What I don’t understand is the trouble the script goes to in explaining how Paul Bunyan exists, but then doesn’t care to explain why there’s a freaking blue ox. I guess those rocky mountain oysters were suffering such a case of blue balls it turned the whole ox blue. What, Paul, couldn’t give Babe a little loving? Blue balls are no joke, but apparently blue oxen are.

Axe Giant - The Wrath of Paul Bunyan OX

What the hell is that?! I’d kill it and it eat it too if I saw that in the woods.

The bottom line is even as a low rent Syfy channel crap-fest kind of film, Axe Giant is even worse. It really isn’t funny, pretty much sets up the crappy dead meats to get chopped right down, and uses some tired clichéd plot points with terrible CGI to boot.

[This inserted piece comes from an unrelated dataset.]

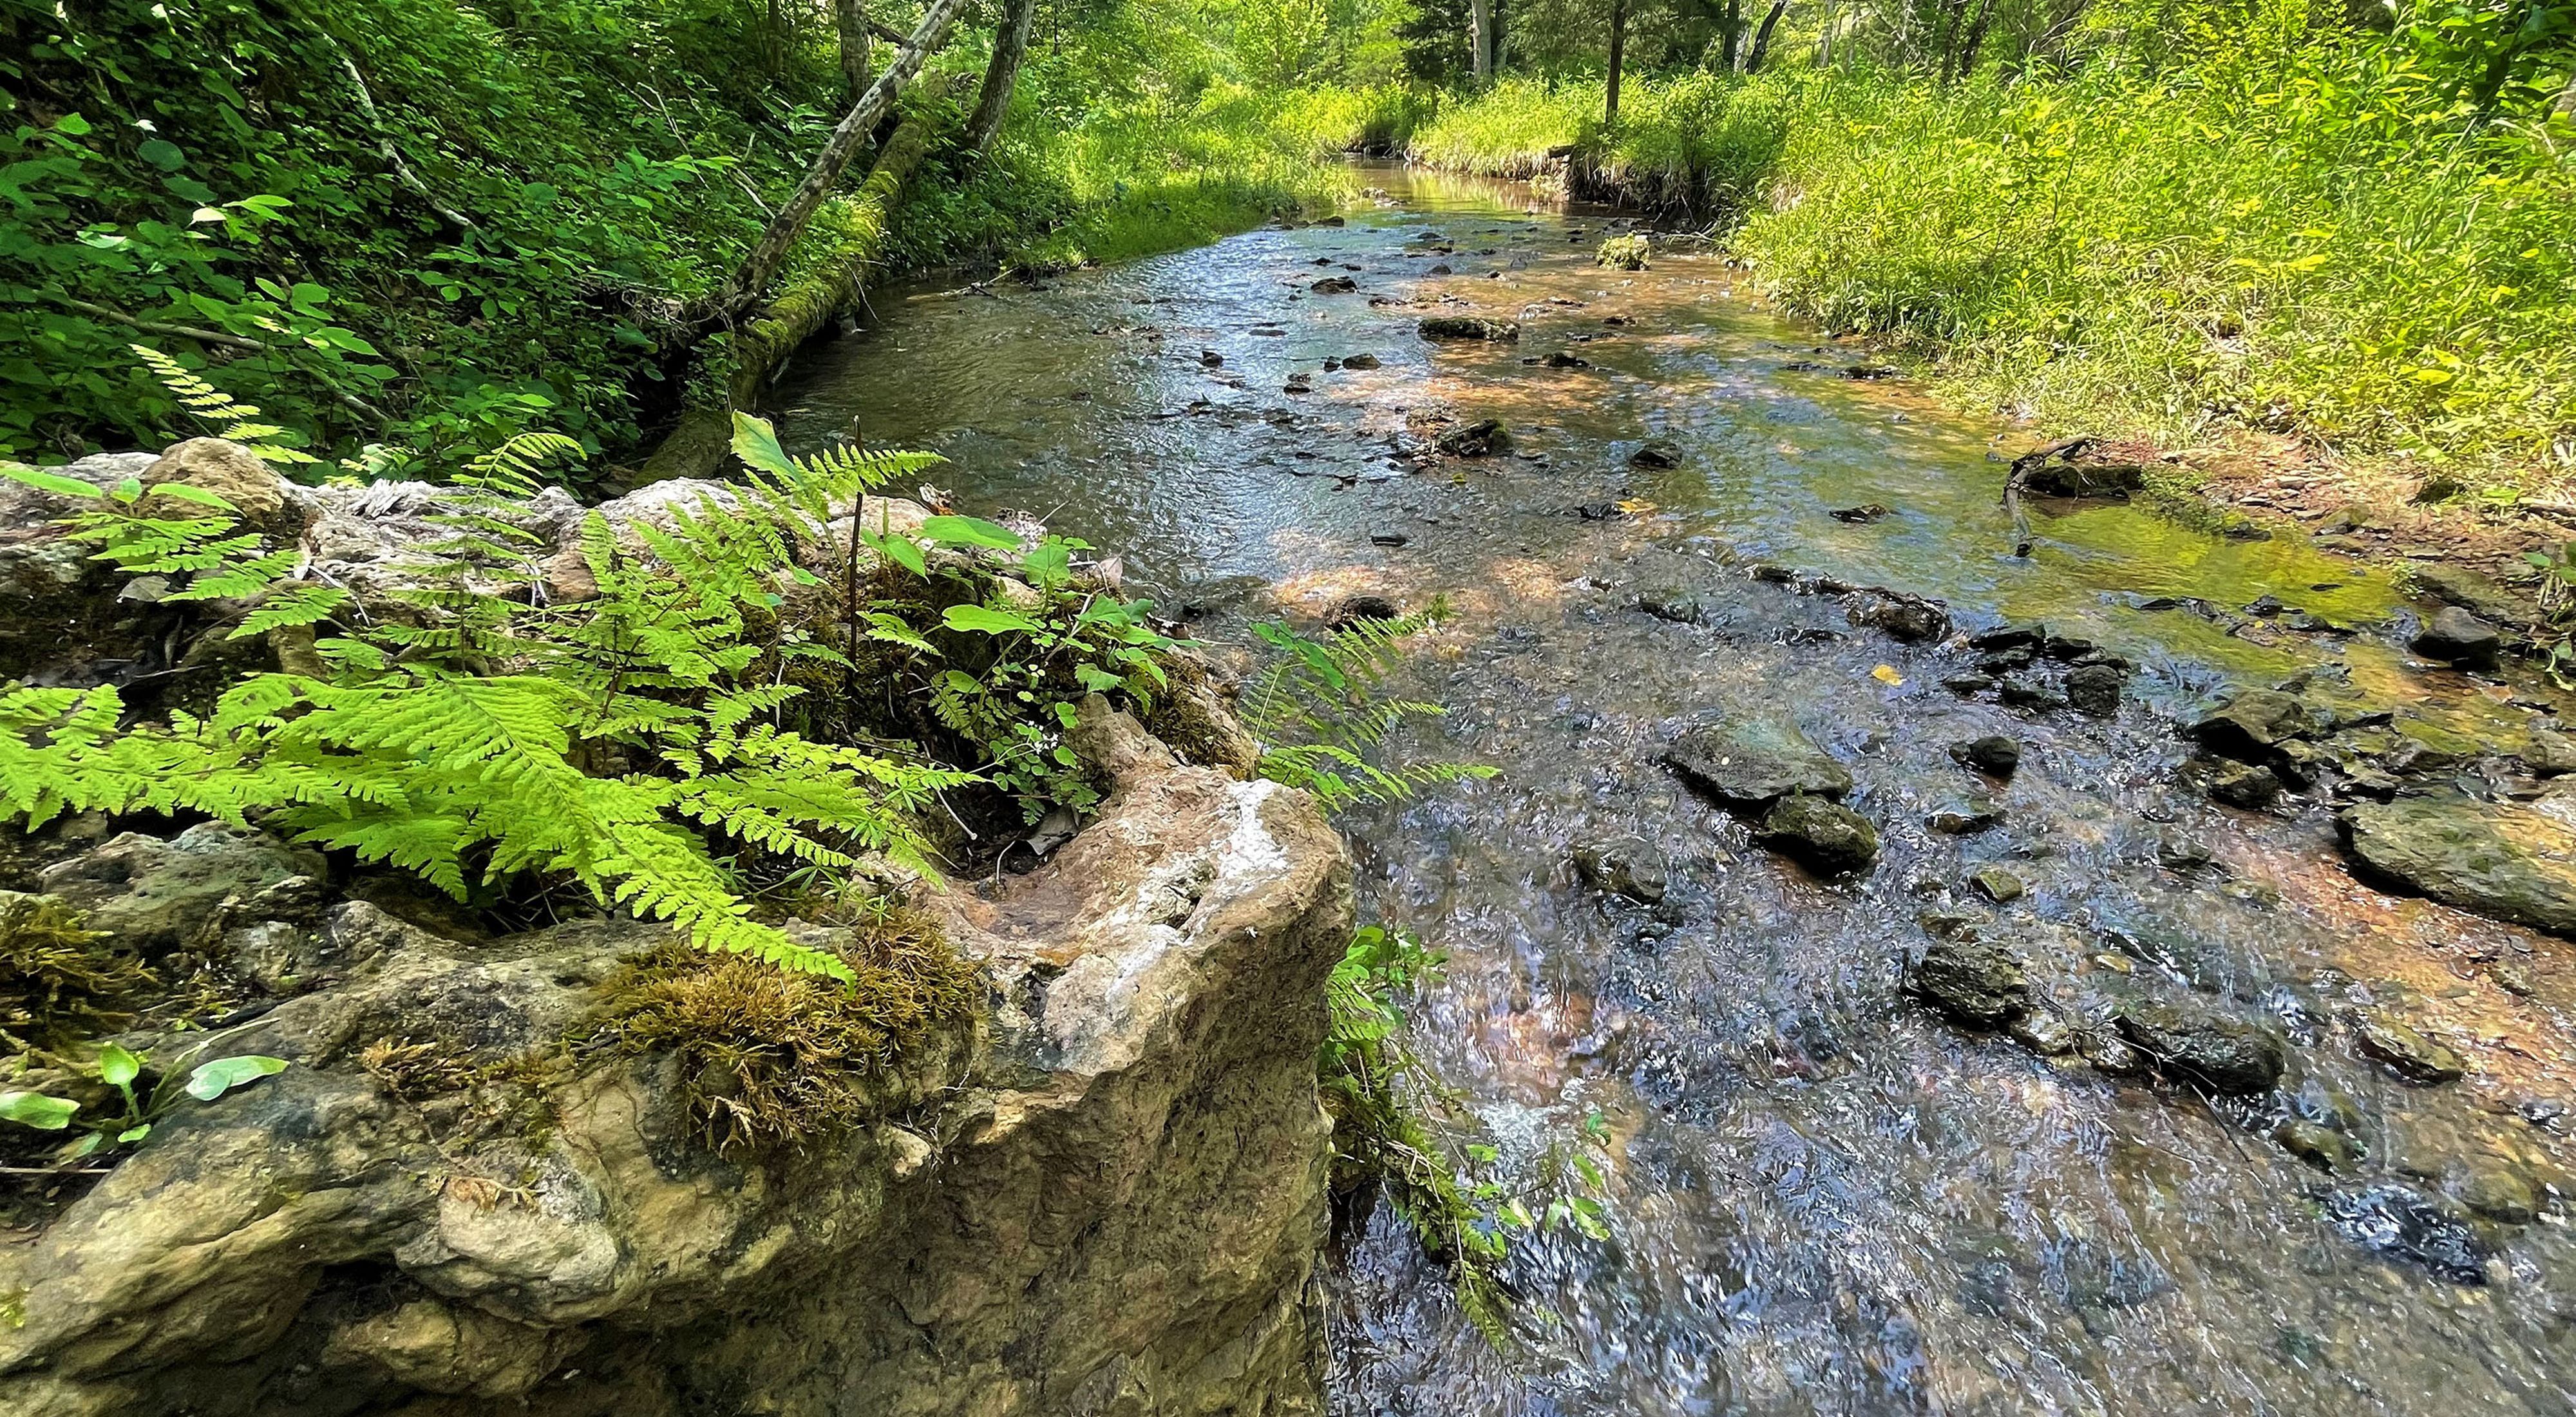 Stream flows through lush green forest at Edge of Appalachia Preserve.

I will say one positive thing: the Paul Bunyan creature doesn’t look half bad, even if everything else surrounding him is horrendous. The real shame is how underused Grizzly Adams is and no bear wrasslin’. You do get to see a bear get messed by a Paul Bunyan, so there’s that, I guess. If you want to judge for yourself Axe Giant- The Wrath of Paul Bunyan is available for streaming on Netflix, but don’t say I didn’t warn you!

Axe Giant - The Wrath of Paul Bunyan Paul

Fargo 2: Lumba Jackin Doncha Know!


Axe Giant: Wrath of Paul Bunyan: D, ( only because the creature looked all right and I like Grizzly Adams’ luscious beard. Otherwise it would be a big fat F.)